The solution is as below
public class Test{
public static void main(String[] args){
System.out.println(findLongestSubstring("i like ike"));
System.out.println(findLongestSubstring("madam i'm adam"));
System.out.println(findLongestSubstring("When life hands you lemonade, make lemons"));
System.out.println(findLongestSubstring("banana"));
}
public static String findLongestSubstring(String value) {
String[] strings = new String[value.length()];
String longestSub = "";
//strip off a character, add new string to array
for(int i = 0; i < value.length(); i++){
strings[i] = new String(value.substring(i));
}
//debug/visualization
//before sort
for(int i = 0; i < strings.length; i++){
System.out.println(strings[i]);
}
Arrays.sort(strings);
System.out.println();
//debug/visualization
//after sort
for(int i = 0; i < strings.length; i++){
System.out.println(strings[i]);
}
Vector<String> possibles = new Vector<String>();
String temp = "";
int curLength = 0, longestSoFar = 0;
/*
* now that the array is sorted compare the letters
* of the current index to those above, continue until
* you no longer have a match, check length and add
* it to the vector of possibilities
*/
for(int i = 1; i < strings.length; i++){
for(int j = 0; j < strings[i-1].length(); j++){
if (strings[i-1].charAt(j) != strings[i].charAt(j)){
break;
}
else{
temp += strings[i-1].charAt(j);
curLength++;
}
}
//this could alleviate the need for a vector
//since only the first and subsequent longest
//would be added; vector kept for simplicity
if (curLength >= longestSoFar){
longestSoFar = curLength;
possibles.add(temp);
}
temp = "";
curLength = 0;
}
System.out.println("Longest string length from possibles: " + longestSoFar);
//iterate through the vector to find the longest one
int max = 0;
for(int i = 0; i < possibles.size();i++){
//debug/visualization
System.out.println(possibles.elementAt(i));
if (possibles.elementAt(i).length() > max){
max = possibles.elementAt(i).length();
longestSub = possibles.elementAt(i);
}
}
System.out.println();
//concerned with whitespace up until this point
// "lemon" not " lemon" for example
return longestSub.trim();
}
}
This is a common CS problem with a dynamic programming solution.
Edit (for lijie):
You are technically correct -- this is not the exact same problem.

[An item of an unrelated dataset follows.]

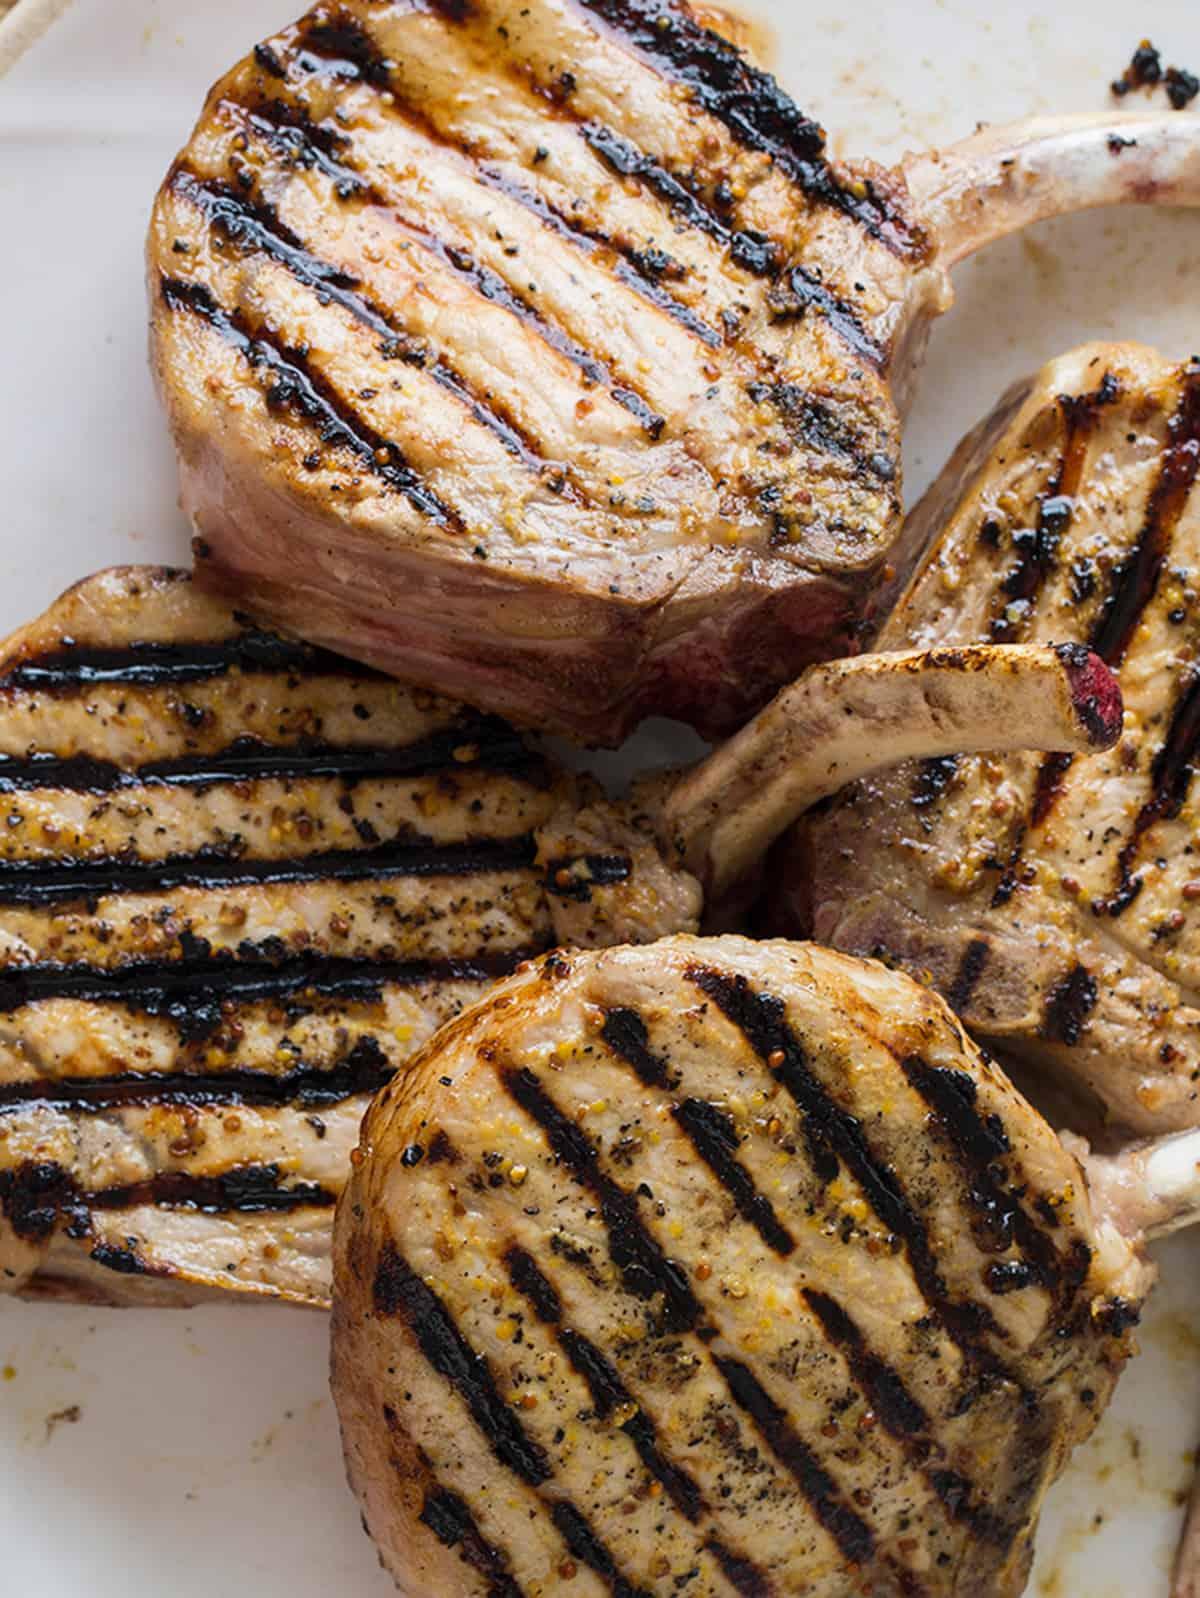 A close up of mustard crusted pork chops.

However this does not make the link above irrelevant and the same approach (w.r.t. dynamic programming in particular) can be used if both strings provided are the same -- only one modification needs to be made: don't consider the case along the diagonal. Or, as others have pointed out (e.g. LaGrandMere), use a suffix tree (also found in the above link).
Edit (for Deepak):
A Java implementation of the Longest Common Substring (using dynamic programming) can be found here. Note that you will need to modify it to ignore "the diagonal" (look at the Wikipedia diagram) or the longest common string will be itself!
In Java : Suffix Tree.
Thanks to the ones that have found how to solve it, I didn't know.